L’opinione/A maggio le dimissioni di Crocetta

Dall’imprenditore  Giuseppe Pizzino, presidente del Movimento ‘Progetto Sicilia’ (fautore di un programma politico-economico che prevede un sistema monetario complementare per l’Isola e l’emissione di Sicily bond, ve ne abbiamo parlato qui)  riceviamo e volentieri pubblichiamo una riflessione sulla situazione economico-finanziaria della Regione siciliana, che secondo l’imprenditore, porterà alla caduta del governo regionale. Pizzino fa una cronaca delle  ipotetiche  dimissioni del Presidente Rosario Crocetta che vede come imminenti…

 

“Palermo, 15 maggio 2013, Crocetta si è dimesso!

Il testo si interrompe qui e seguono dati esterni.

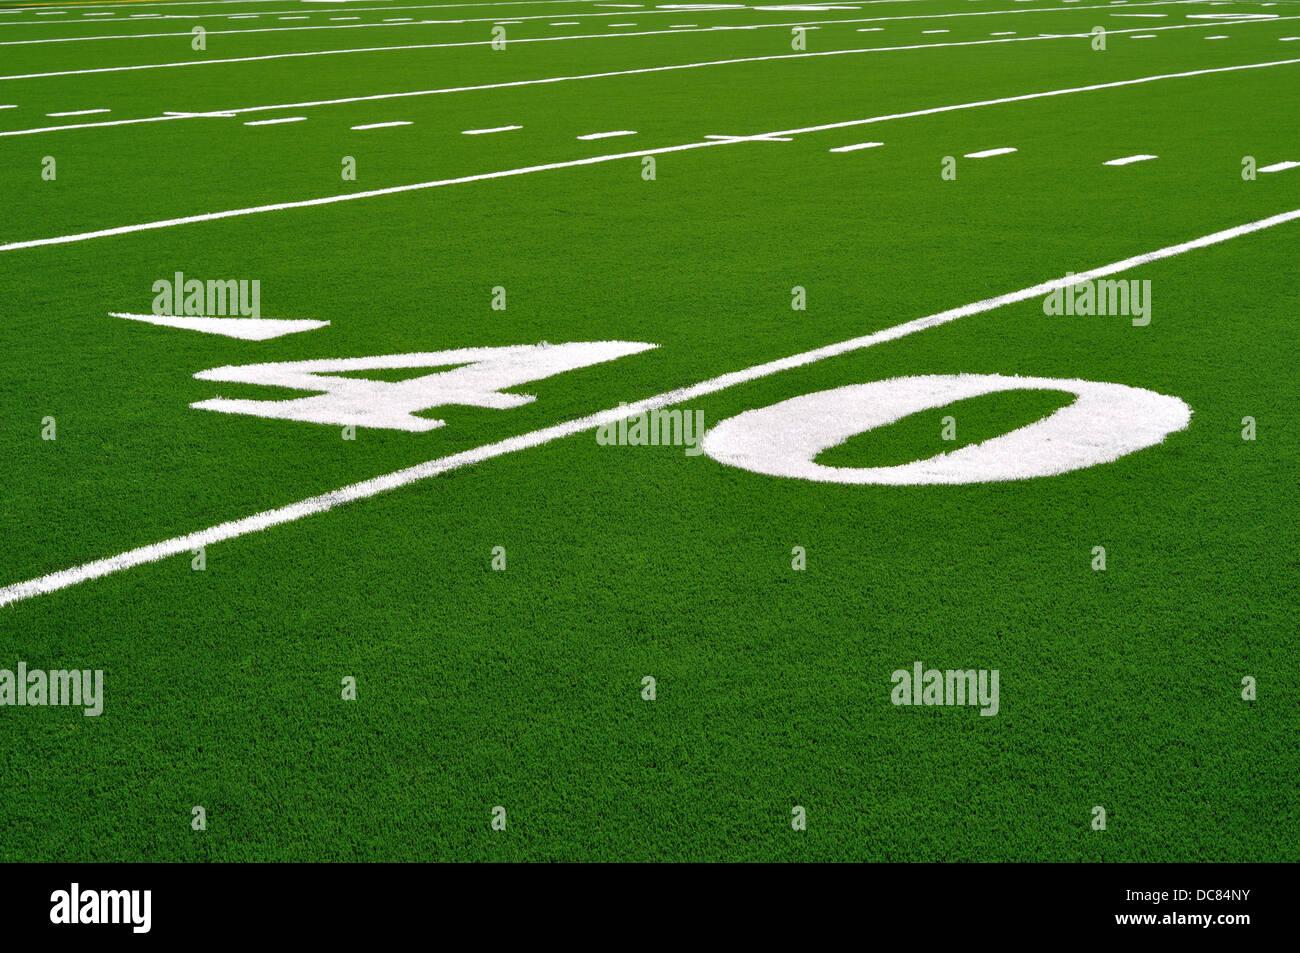 40 yard linea su un americano di campo di calcio Immagini Stock

Il Presidente On. Rosario Crocetta ha rassegnato le proprie dimissioni dalla guida del Governo della Regione Siciliana. Dopo un lungo e serrato confronto con il dottor Bianchi, Assessore all’Economia, ha deciso di rimettere il mandato che gli era stato affidato dai siciliani ad Ottobre dell’anno scorso. Dopo soli sei mesi dal loro insediamento hanno deciso di mollare. La prima dichiarazione è stata: “Qui va tutto a rotoli, sono stanco, non sono più in grado di sostenere questo grave peso, mi dispiace aver tradito la fiducia dei Siciliani”.
Crocetta, sebbene tutti i parlamentari siciliani avessero manifestato il loro incondizionato sostegno, sebbene potesse contare su una maggioranza di novanta deputati, ha rimesso il mandato e ha lasciato Palermo, per ritirarsi a Castel di Tusa, in assoluto isolamento.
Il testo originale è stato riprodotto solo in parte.